DATA SECTION:
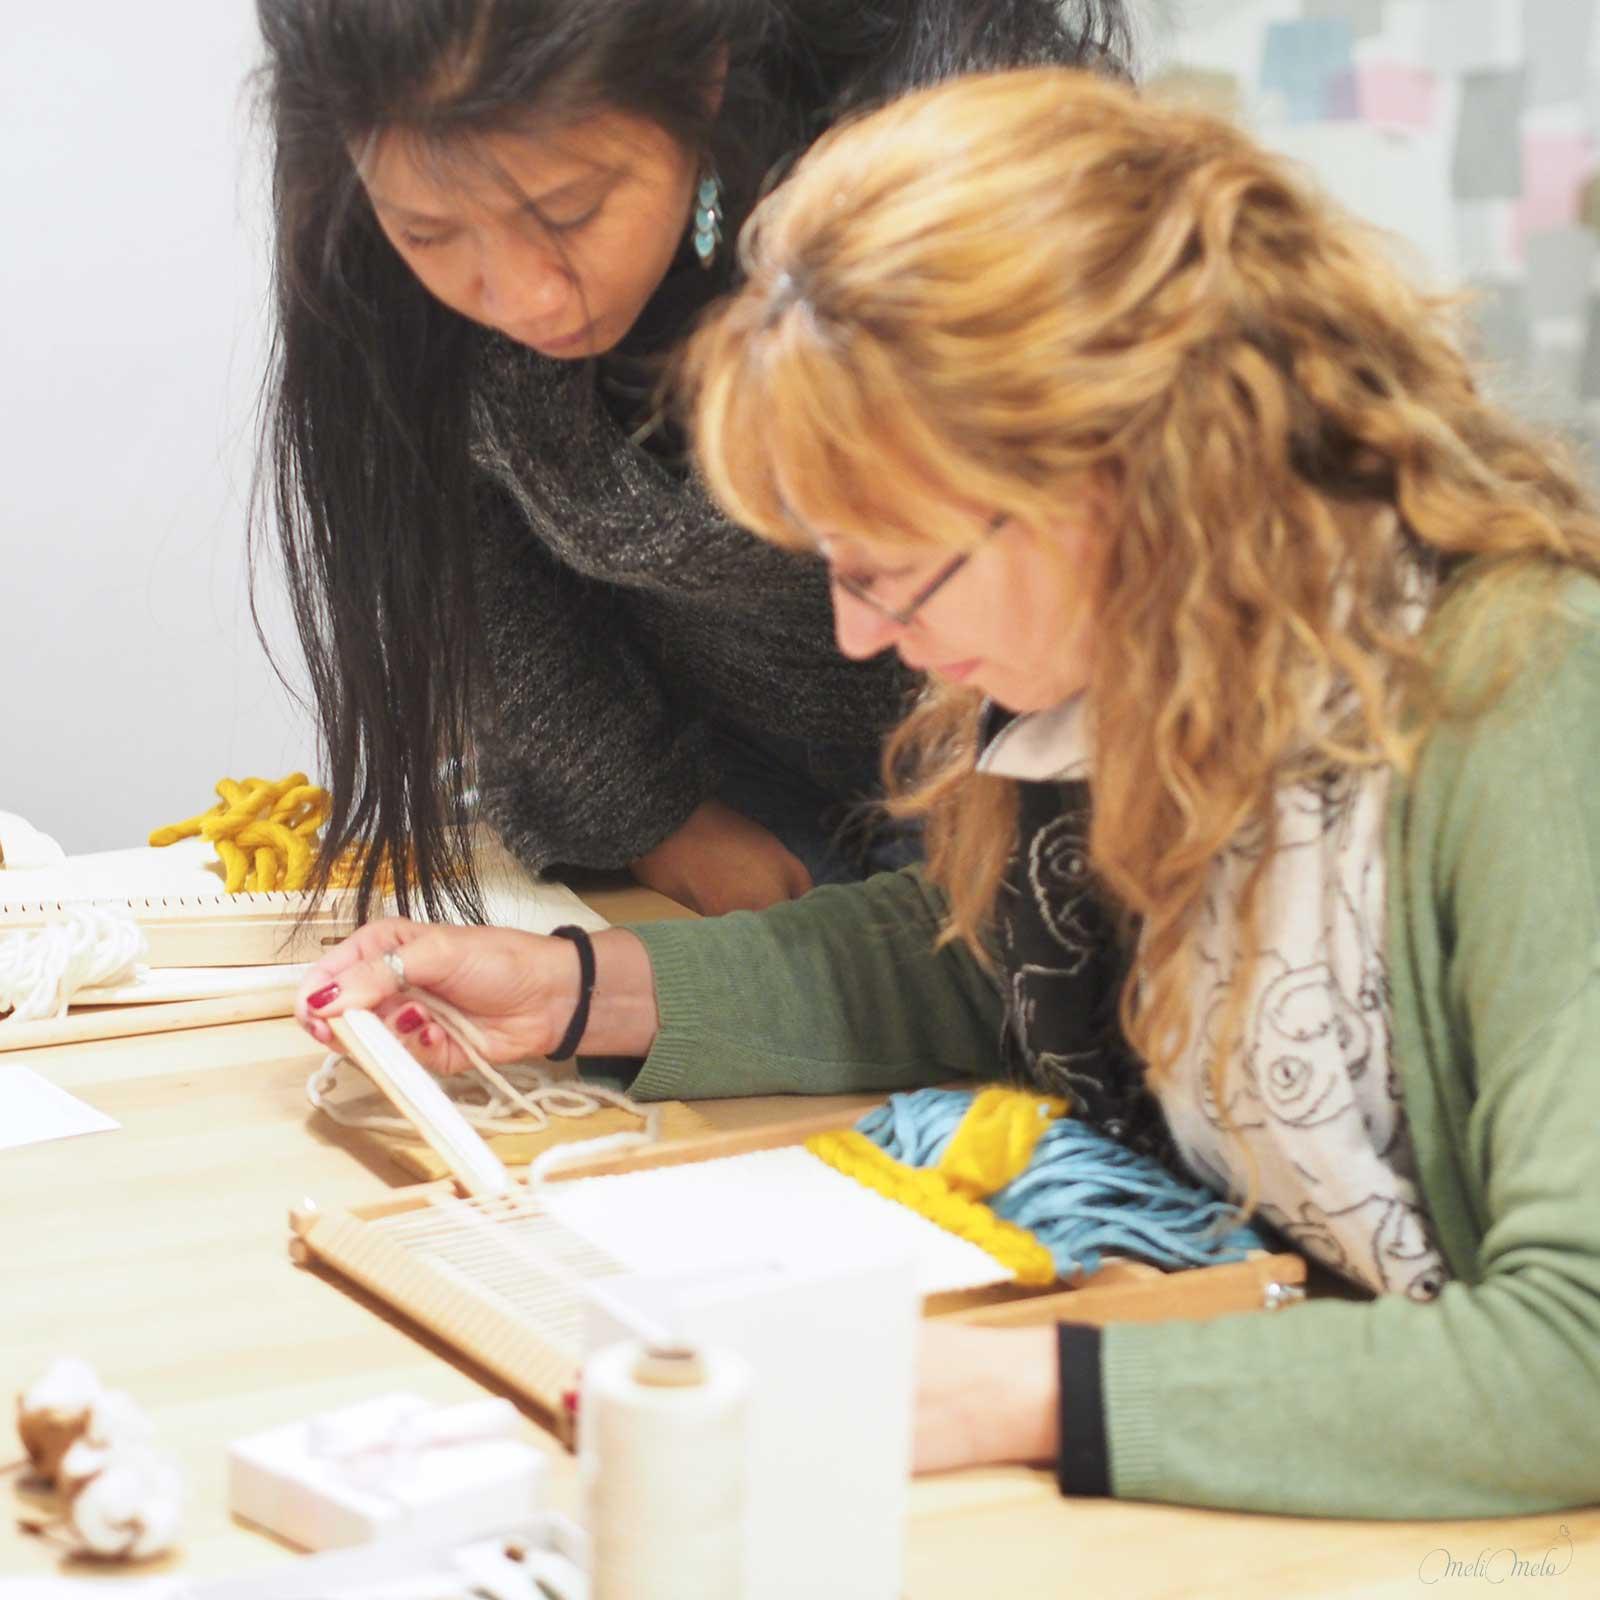 workshop atelier créatif tissage iv janvier Valladolid Mimarinita laboutiquedemelimelo
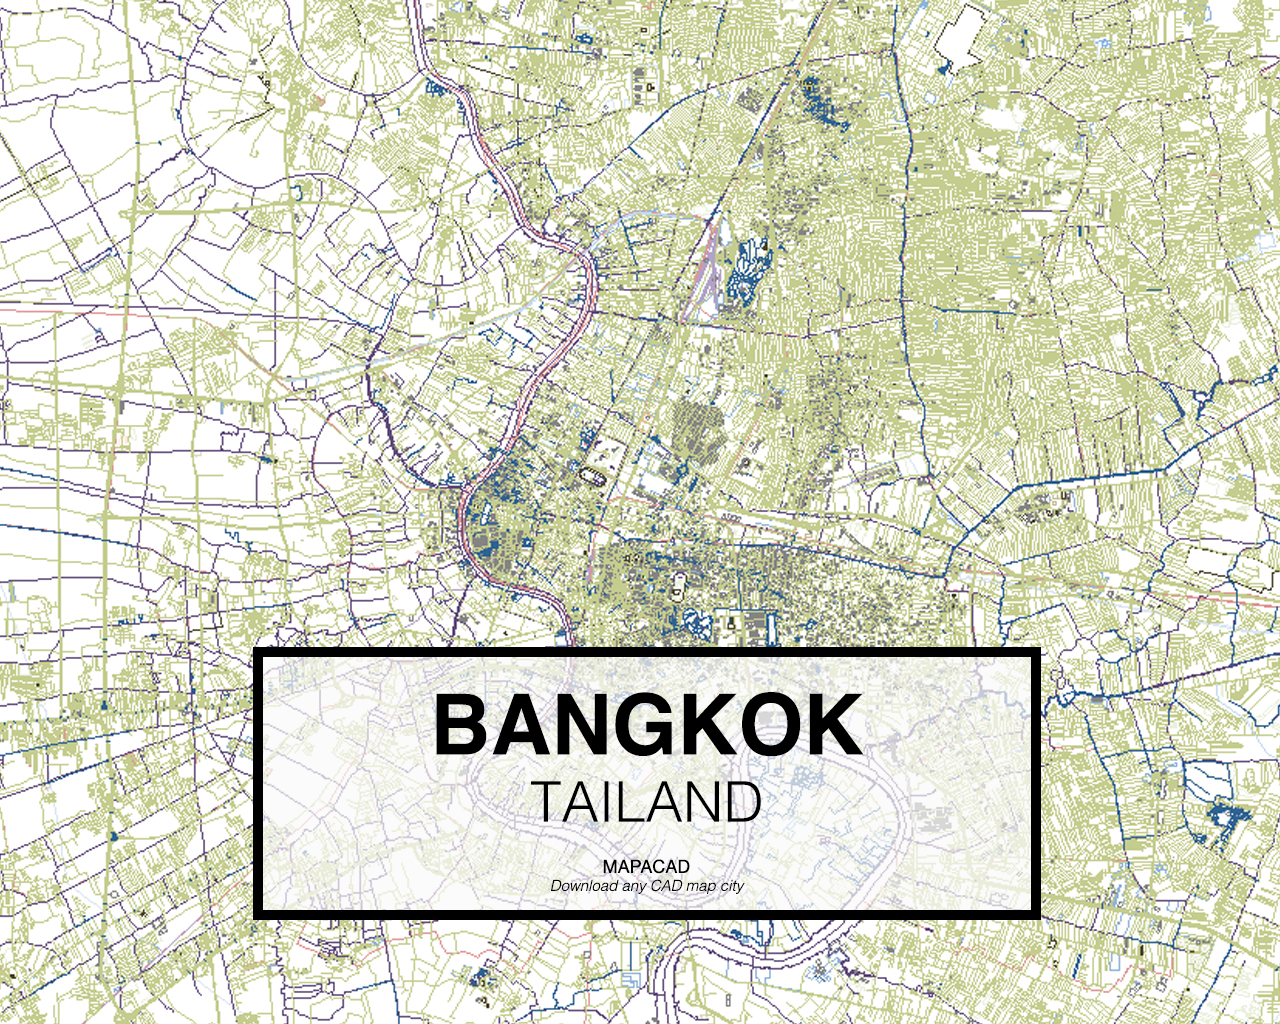 Download bangkok dwg mapacad bangkok tailand 01 mapacad download map cad dwg gumiabroncs Image collections
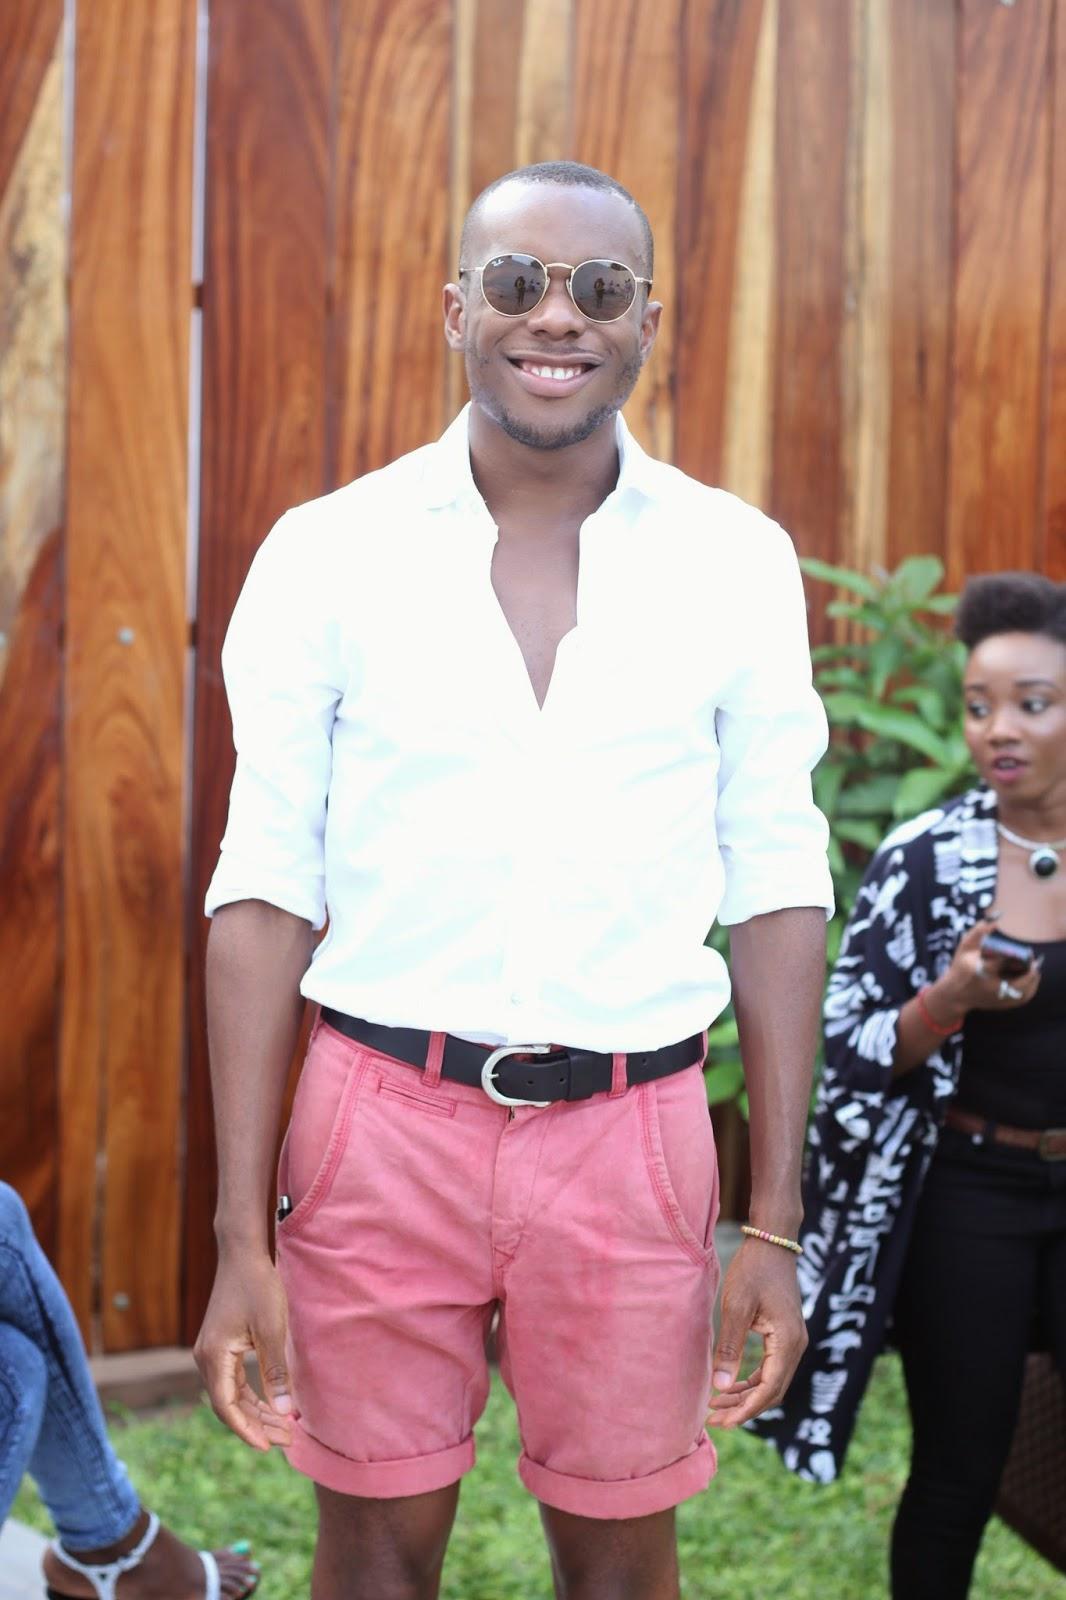 My Top 10 Nigerian Male Fashion Bloggers Based In Nigeria Mide Coker

WHAT THE EXERCISE ASKS:
Please return the full listing exactly as given, with the images left out.

EXERCISE ANSWER:
 workshop atelier créatif tissage iv janvier Valladolid Mimarinita laboutiquedemelimelo
 Download bangkok dwg mapacad bangkok tailand 01 mapacad download map cad dwg gumiabroncs Image collections
 My Top 10 Nigerian Male Fashion Bloggers Based In Nigeria Mide Coker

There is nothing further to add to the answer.